I used the example bored vs. boring in the title because it makes it more apparent that there can be a big difference in meaning between the two variations.

Thanks!


----------



## elroy

interesting - me'*a*ny*e*n
interested - me'*o*ny*a*n 

boring - mesh*a*'m*e*m
bored - mesh*o*'m*a*m


----------



## girloncrack

Thanks Elroy - 

What exactly are me'onyan and mesho'mam - are they simply a different type of adjective, or are they verbs?  If adjective, what are the m/f s/p variations?  If verb, what are the roots?


----------



## elroy

They are adjectives.

me'onyan
me'onyenet 
me'onyanim
me'onyanot


----------



## pachyderm

A correction:
"Bored" is spelled מְשֻעְמָם, perhaps historically pronounced [Meshuעmam], but in modern Hebrew pronounced [Meshuamam] (no glottal stop between u and a). Similarly "Boring" is pronounced [Meshaamem].
(And again, [me*u*nyan], not [meonyan])


----------



## scriptum

elroy said:


> They are adjectives.
> 
> me'onyan
> me'onyenet
> me'onyanim
> me'onyanot


 
Excuse me, but I would rather say they are passive participles of the verb leanyen (to interest)
I think that few people would say "ani meshuamam" (I am bored). Most speakers would use a more colloquial expression "meshaamem li" ("it's boring to me", which is a calque from Russian).
My two cents.


----------



## elroy

pachyderm said:


> A correction:
> "Bored" is spelled מְשֻעְמָם, perhaps historically pronounced [Meshuעmam], but in modern Hebrew pronounced [Meshuamam] (no glottal stop between u and a). Similarly "Boring" is pronounced [Meshaamem].

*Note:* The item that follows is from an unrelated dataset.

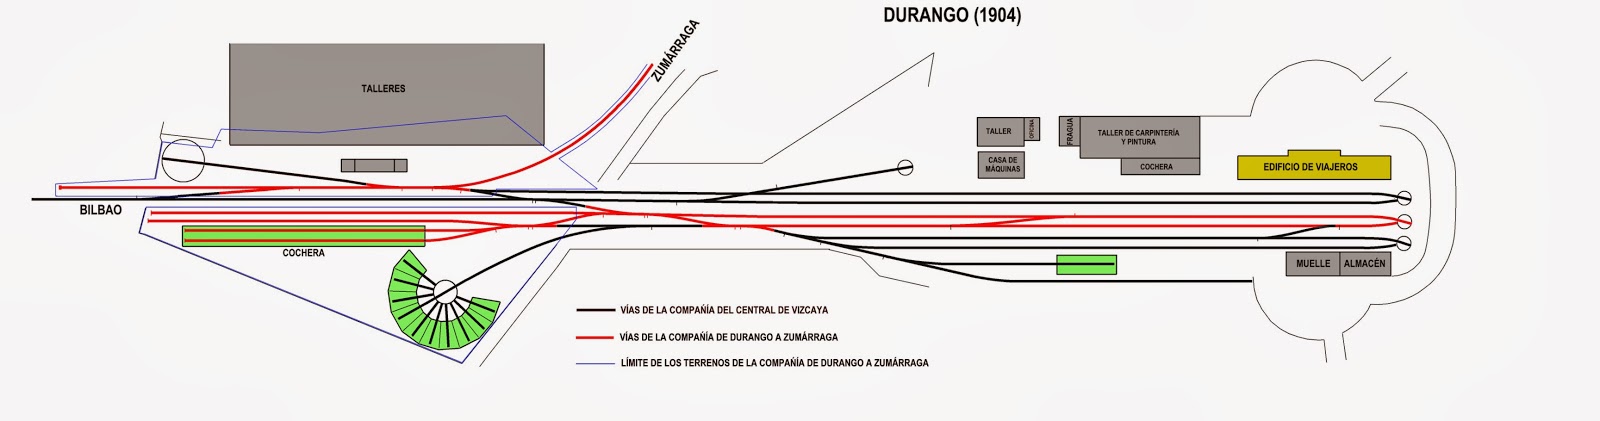 Instalaciones de Durango , dibujo Pedro Pintado Quintana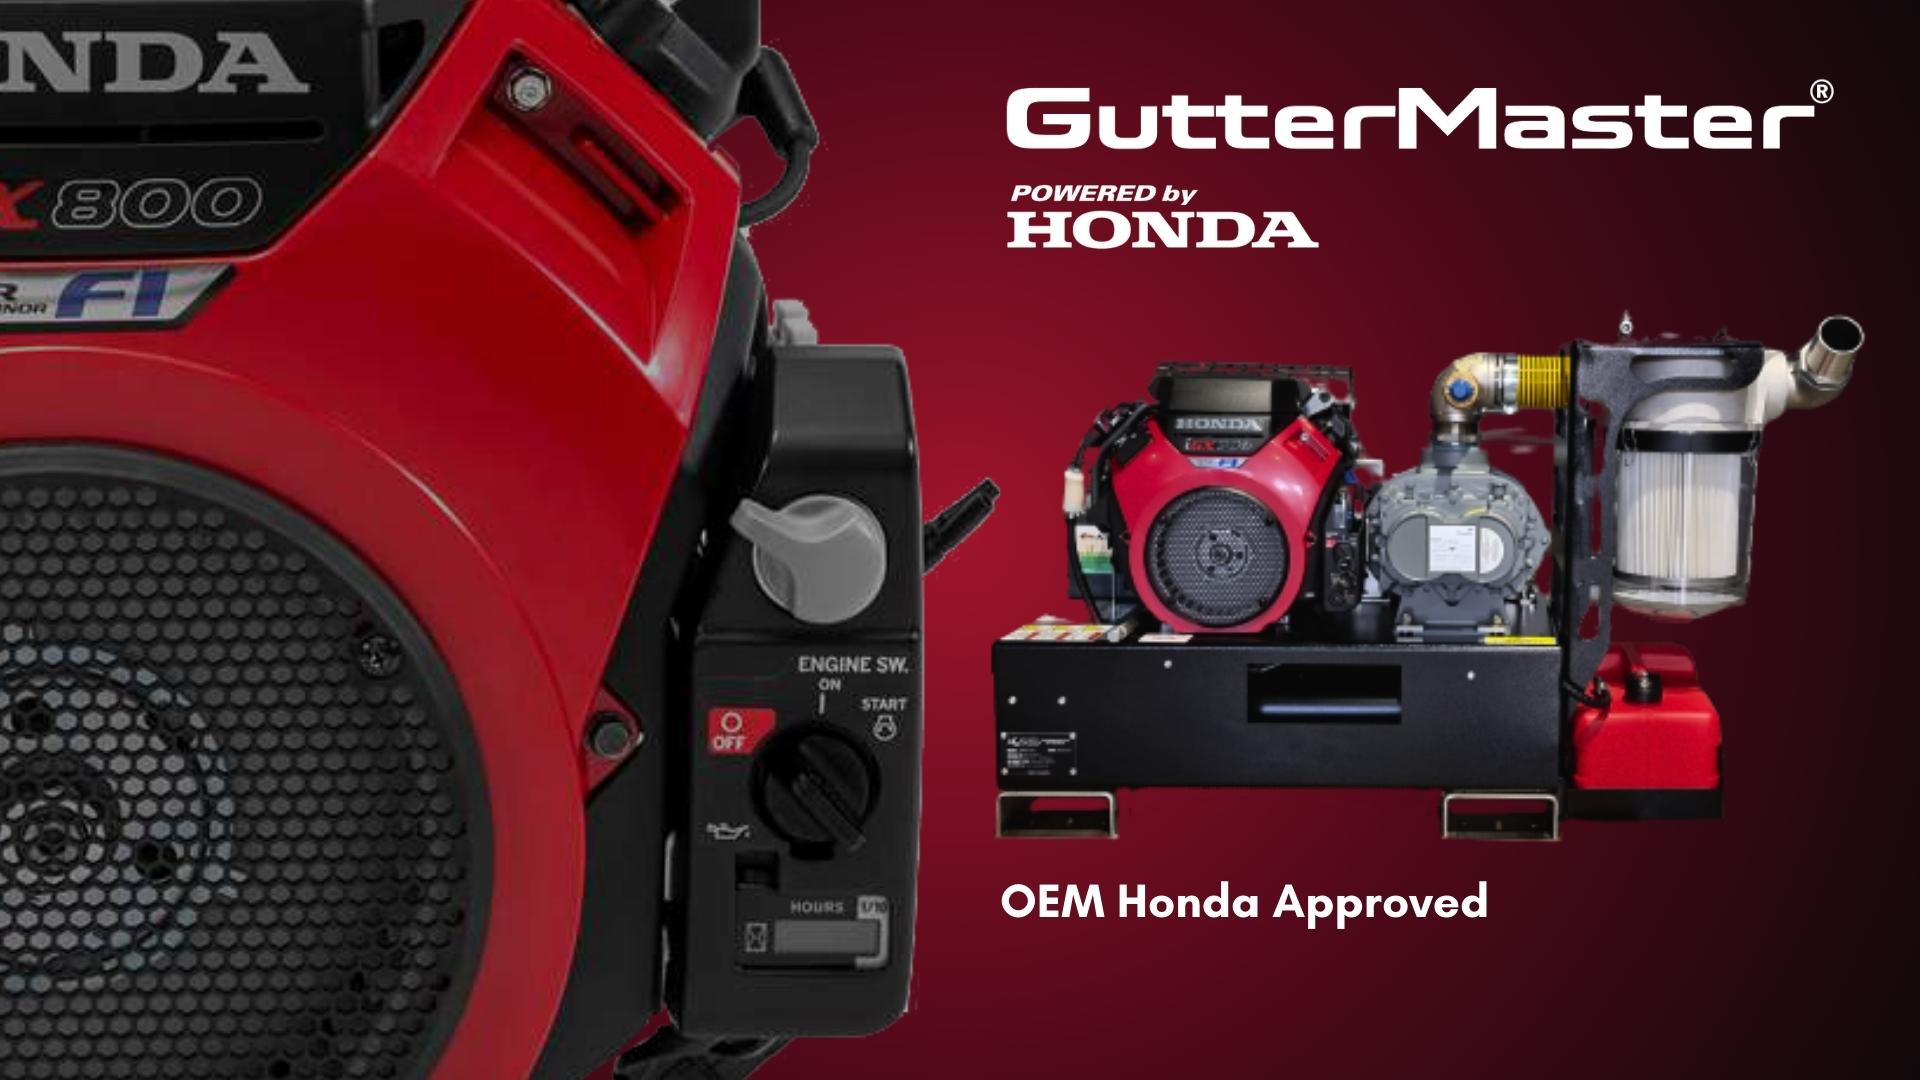 Gutter vacuum system gatter master 2050 powered by Honda

The apostrophe was supposed to represent the dropping of the ע sound, not a glottal stop.


> (And again, [me*u*nyan], not [meonyan])


 Thanks for the correction.


scriptum said:


> Excuse me, but I would rather say they are passive participles of the verb leanyen (to interest)


 Yes, they are past participles, but they are also adjectives.


> I think that few people would say "ani meshuamam" (I am bored). Most speakers would use a more colloquial expression "meshaamem li" ("it's boring to me", which is a calque from Russian).


 Correct, but the point was to show the difference between the present participle and the past participle.


----------



## girloncrack

I'm confused!


----------



## scriptum

girloncrack said:


> I'm confused!


Who isn't? What confuses you is probably the difference of pronunciation between people who came from different places. You will get used to it, just like everybody else...


----------



## Nunty

Girloncrack, there are two ways to say I am bored:
1. Mesha'amem li (משעמם לי) [this] bores me
2. Ani meshu'amam (אני משועמם) I am bored

(1) is the most common way of expressing this. Little kids say it their mothers all the time. 

Similarly, it is slightly more common to say (3) than (4):
3. ze ma'anyen oti (זה מעניין אותי) This interests me.
4. ani m'unyan b'ze (אני מעוניין בזה) I am interested in this

However, the preference of (3) over (4) is not, at least in my circles as great as the preference of (1) over (2).

Does that help at all?


----------



## pachyderm

In my judgment:

אני מעוניין בזה - in the sense of "I'd like", as in:
אני מעוניין להשיג את העבודה הזו / אני מעוניין בעבודה הזו
אני מעוניינת בבחור הזה
אני מעוניין לקנות טלפון אלחוטי

אני מתעניין בזה - in a subject matter, e.g:
אני מתעניינת בספרות צרפתית

If you find a class interesting you'd say:
השיעור מעניין אותי
And not:
אני מתעניין בשיעור*
*אני מעוניין בשיעור


----------